Her website is www.gwencampbell.net. She'd love to hear from you.
 

Q: When in the day/night do you write? How long per day?

A: The middle of the night has always been wildly inspirational for me. My muse revs up in the wee hours. Unfortunately, obligations get in the way of hedonism and since my husband’s alarm goes off at half past the crack of way too darn early, I write from 6:30 a.m. to 2:30 p.m. weekdays. Weekends it’s about ten hours a day.

Q: What’s your writing space like? What’s always within reach?

A: I’ve commandeered the smallest bedroom in the house. I’ve got a U-shaped desk that fills most of the room, some book shelves and a lot of clutter. Two dictionaries (different versions and different eras), my thesaurus and a good baby-name book are always on the corner of the desk. To keep myself motivated, I frame my covers and they’re on the walls. Oh and there’s usually a squeaky ball or other dog toy rolling around the floor.

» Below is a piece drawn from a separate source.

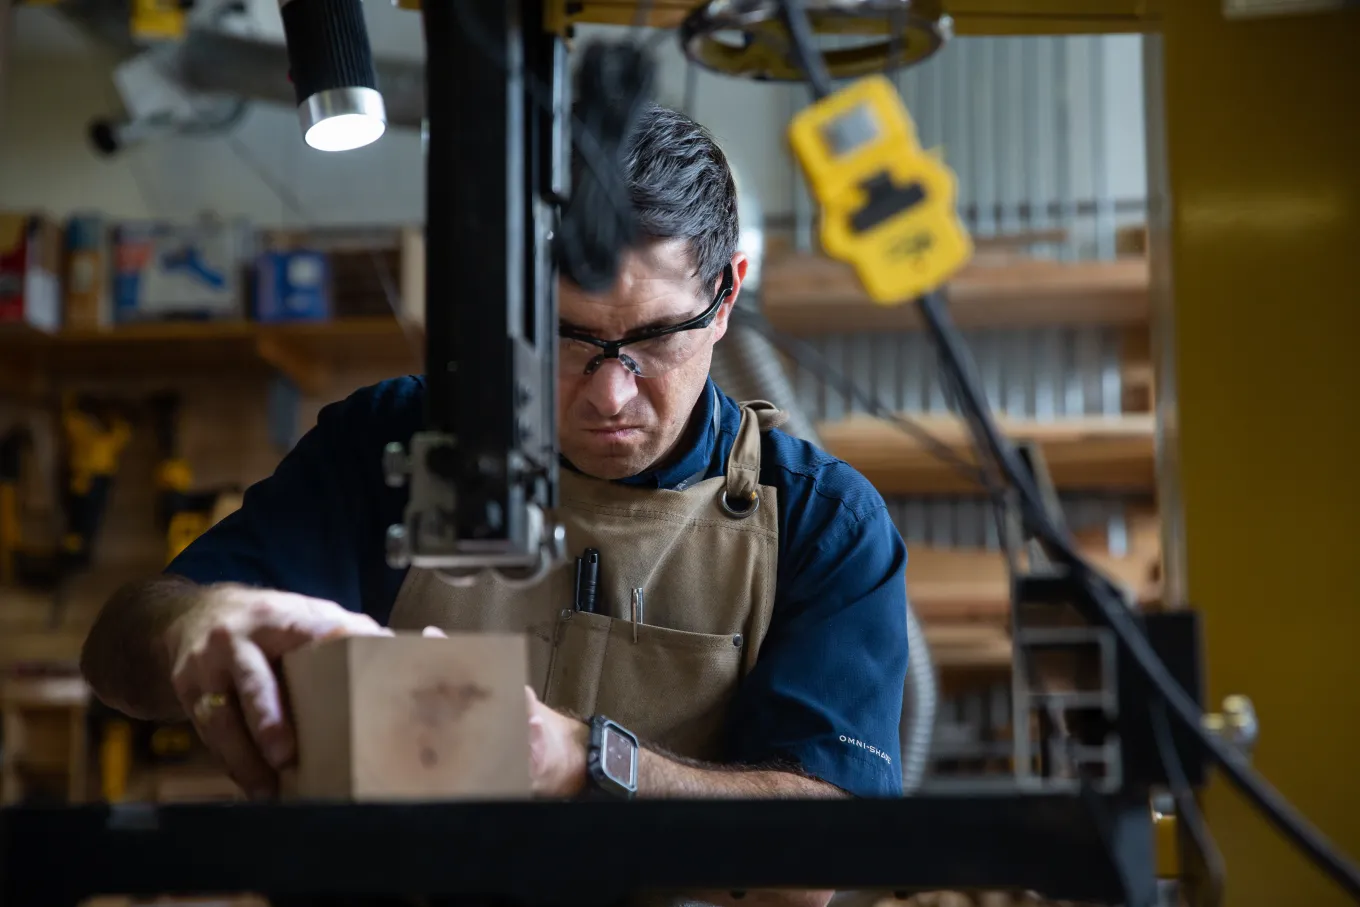 Male staff member cuts wood in Fabrication Studio

Q: Where did your most unusual plot idea come from?

A: While I was showering. I felt a tickle on my backside, like the cat had jumped into the shower with me and brushed me with her tail. I swiped my behind, twice, but the tickle wouldn’t go away. Turned out it was just a hair from my head but that gave me the idea for a sci-fi story, where the female lead’s in the shower, feels a tickle on her backside only it turns out she’s getting caught in a space-travel bubble.

Q: Plotter or Pantster? Why?

A: Plotter, always. When I made the decision to stay at home and write full time, I was putting my family’s financial future on the line. I just can’t stand sitting in front of the computer, wasting time figuring out what happens next when my husband’s working his hinny off out in the real world, keeping a roof over our heads. I tried writing by the seat of my pants once. It lasted one day before I got so frustrated I wanted to knock my head against the wall.

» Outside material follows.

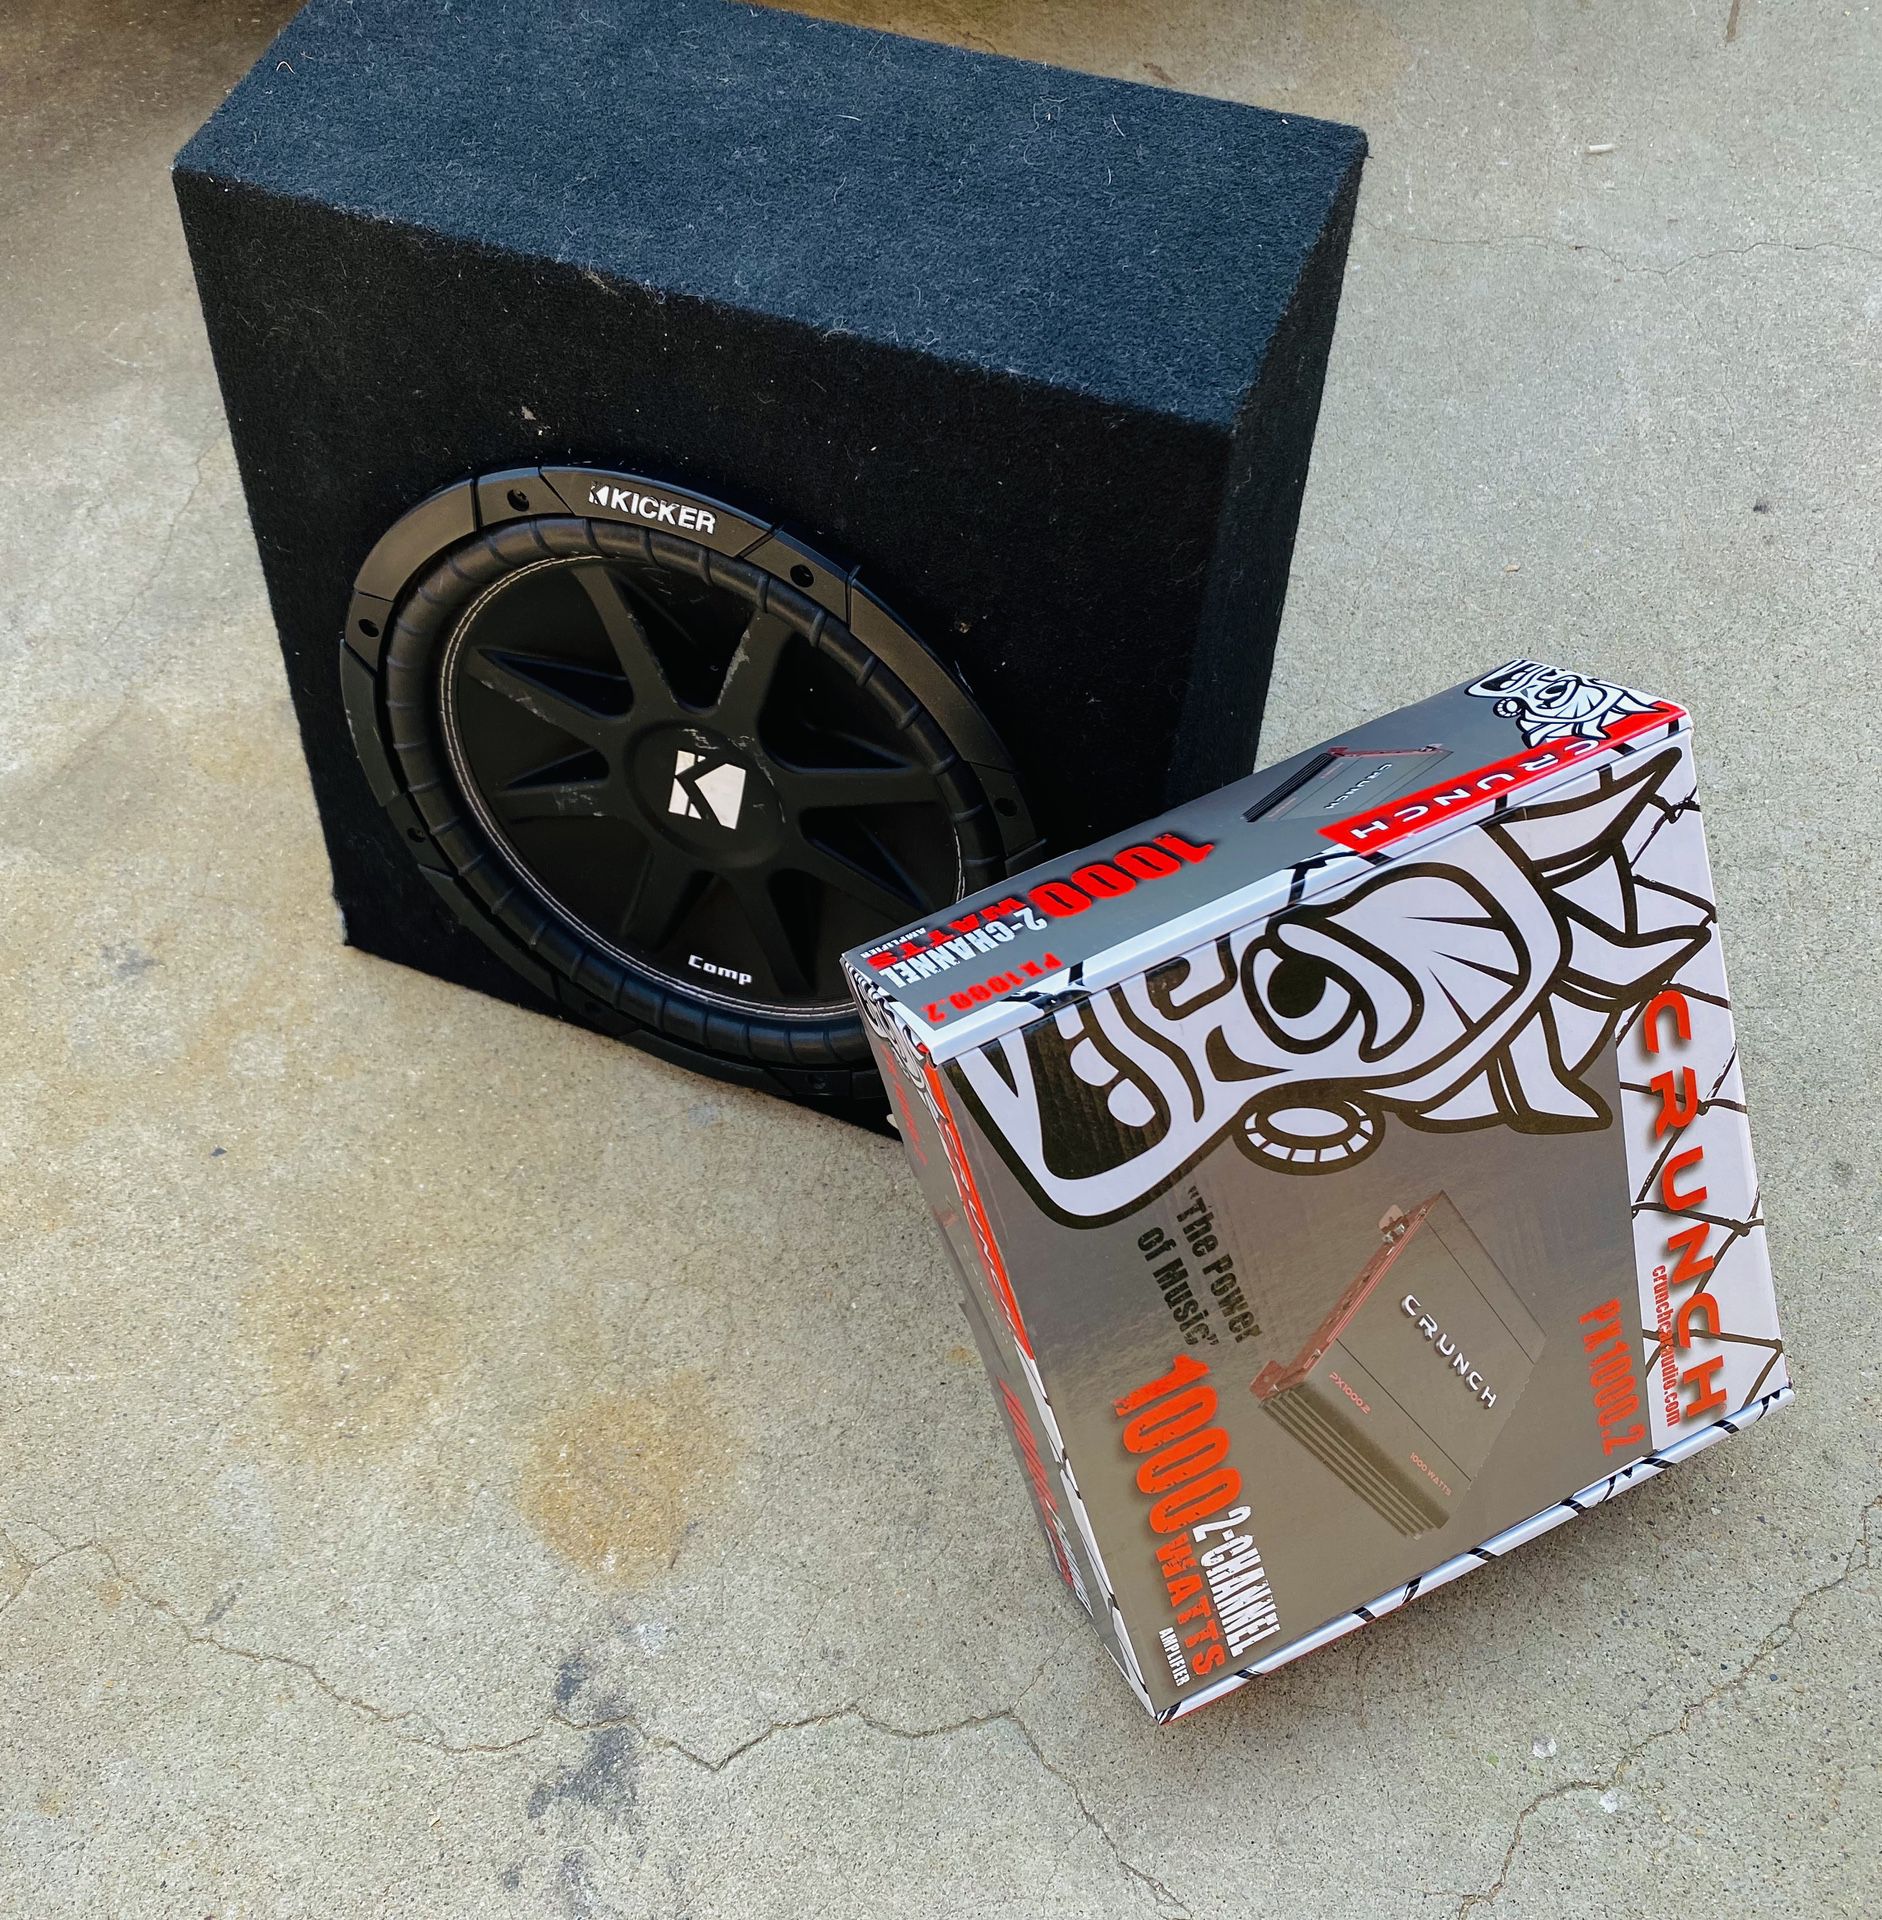 $150 no less / Kicker Comp 12 inch Sub / ELine Sub Box / new amp

Q: Name one thing that your readers would be surprised to know about you.

A: I’m dull. Really dull. I spend so much time inside my head that when I finally get around real people, I’m a sponge. I’m enthralled by their ideas, interests, the sound of the human voice. Basically, I ask questions, listen, and not much else.

Q: Ever been told, “Um…sweetie, that’s not how it works?”

A: Oh yeah. My first editor, she grilled me on the choreography of one of my sex scenes. I had the hero stretched out on the bed, and the heroine crawling up from the foot of the bed. My editor kept telling me the body positions didn’t work, couldn’t work, and if I’d try it out myself, I’d know that. Well, I HAD tried it out (giggle) and it DID work. Nowadays, I realize it wasn’t the choreography, but my description that was rubbish.

Q: Any tips for aspiring writers?

A: Write. Seriously, just plunk your backside in a chair and write something. Anything’s better than that sentence you DIDN’T write down. Join a local writers’ group. (I recommend Romance Writers of America, for starters.) The fellowship’s terrific, you’ll hear about seminars and courses, you’ll pick up all sorts of cool, insider information from published members.

Q: Do you have a guilty pleasure?

A: Chocolate. But then there’s not really all that much guilt involved.

Q: What kind of books do you read for fun?

A: Steamy romances, horror, suspense…Jan Springer and Barbara Sheridan are two of my favourites. I’m a huge Stephen King fan, Patrick O’Brian too. I re-read the Harry Potter series every other year or so. I adore Pride And Prejudice but (I’m prepared to dodge flaming pitchforks here) Austen wrote from her socio-economic sphere and didn’t tell us anything about the lower or serving classes. Whenever I read one of her books, I make up side stories in my head, about the lives of the servants that she glanced over.

Q: What do you do to unwind and relax?

A: Walk the dog, hang out with my husband in the evening, work in the garden, do laundry. Yes, laundry. Life spins out of control sometimes and being able to clean and fold something that was messy and disorganized, helps center me. Jeesh, does that mean I’m going a bit psycho?